→ Exercise instructions
Give again, exactly as written, each line of the material below starting at the line that contains "Preowned Nike Dunk" and ending at the line that contains "Blob Ring |". Both ends count, and no other line does.

→ Dataset extract
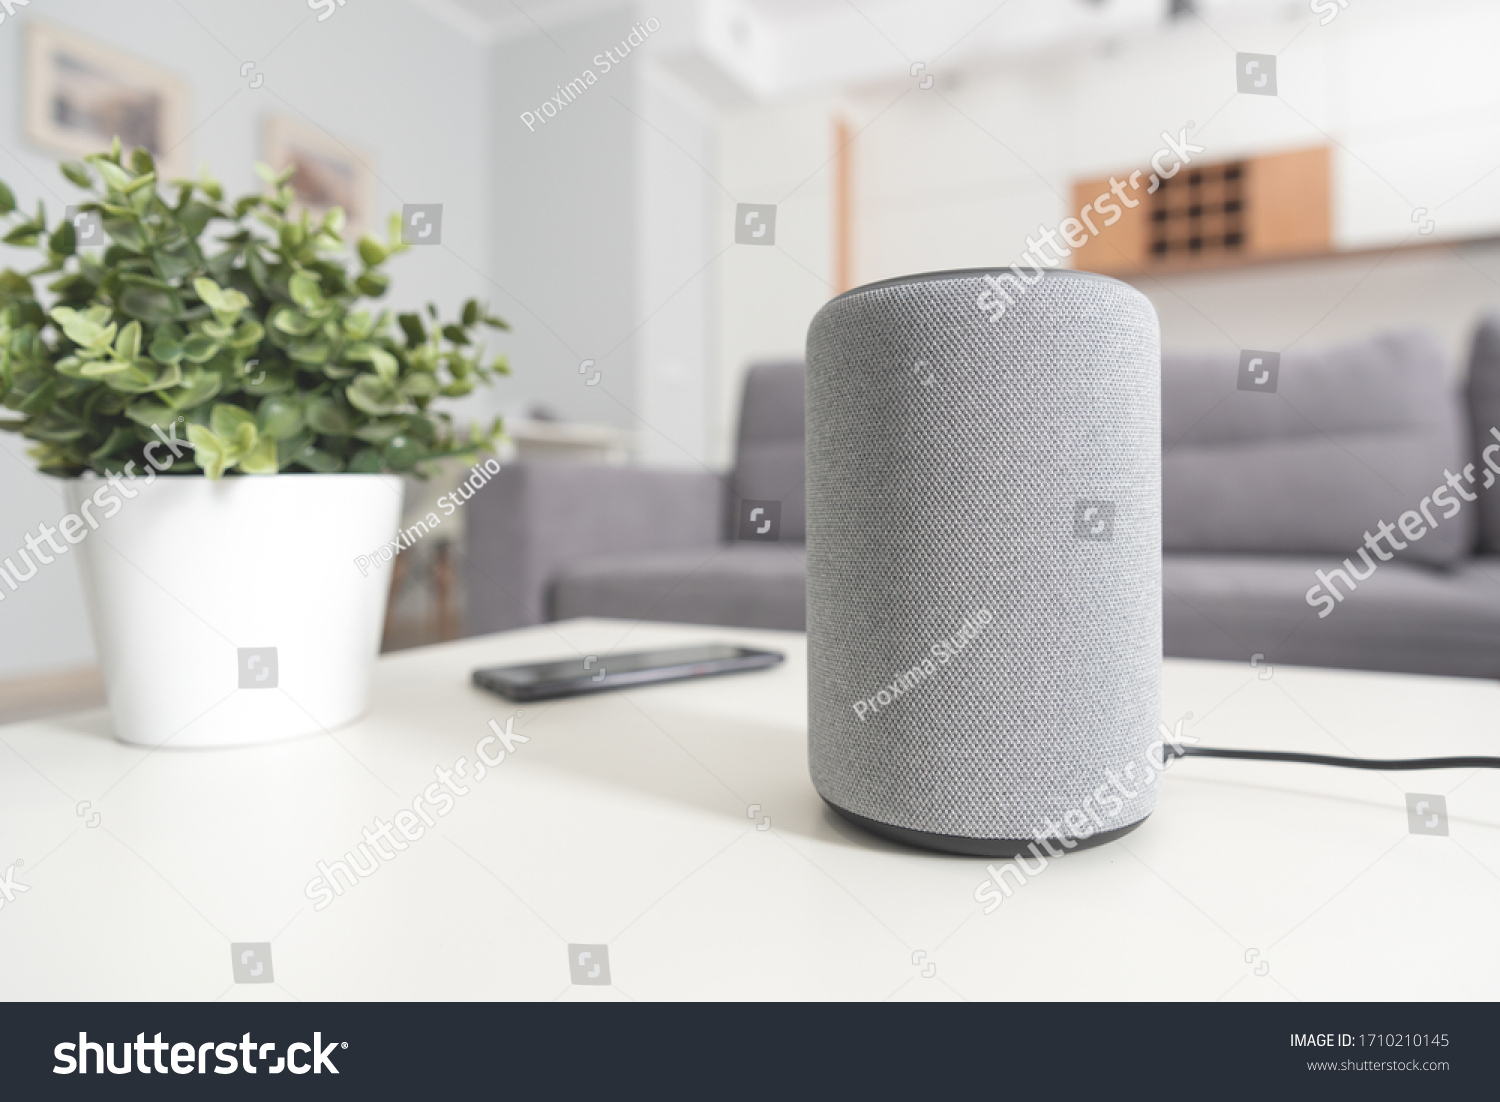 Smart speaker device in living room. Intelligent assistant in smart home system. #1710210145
==
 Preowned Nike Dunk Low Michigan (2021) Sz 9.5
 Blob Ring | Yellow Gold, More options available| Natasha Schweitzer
--
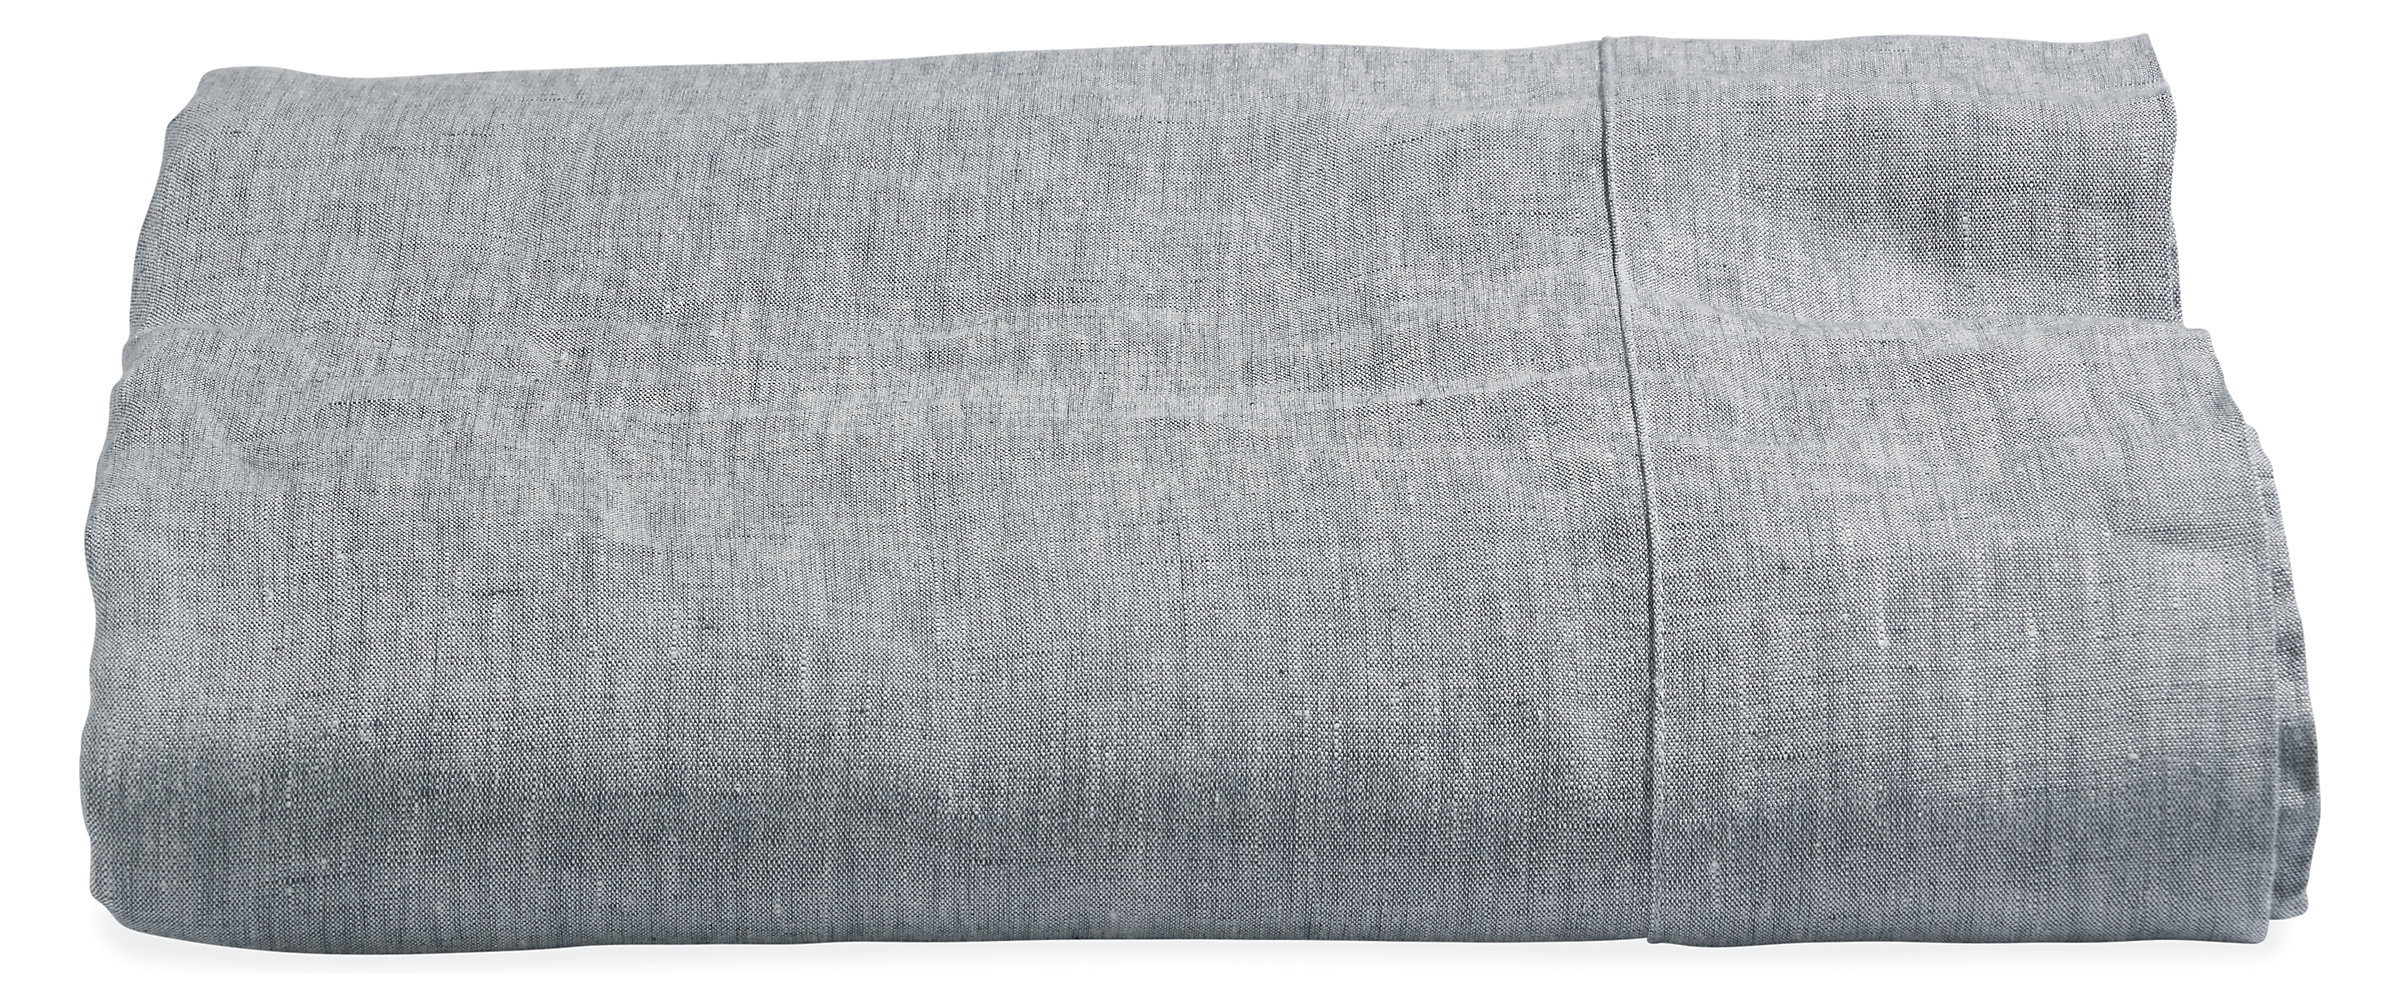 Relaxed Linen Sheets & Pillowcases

→ Problem solution
 Preowned Nike Dunk Low Michigan (2021) Sz 9.5
 Blob Ring | Yellow Gold, More options available| Natasha Schweitzer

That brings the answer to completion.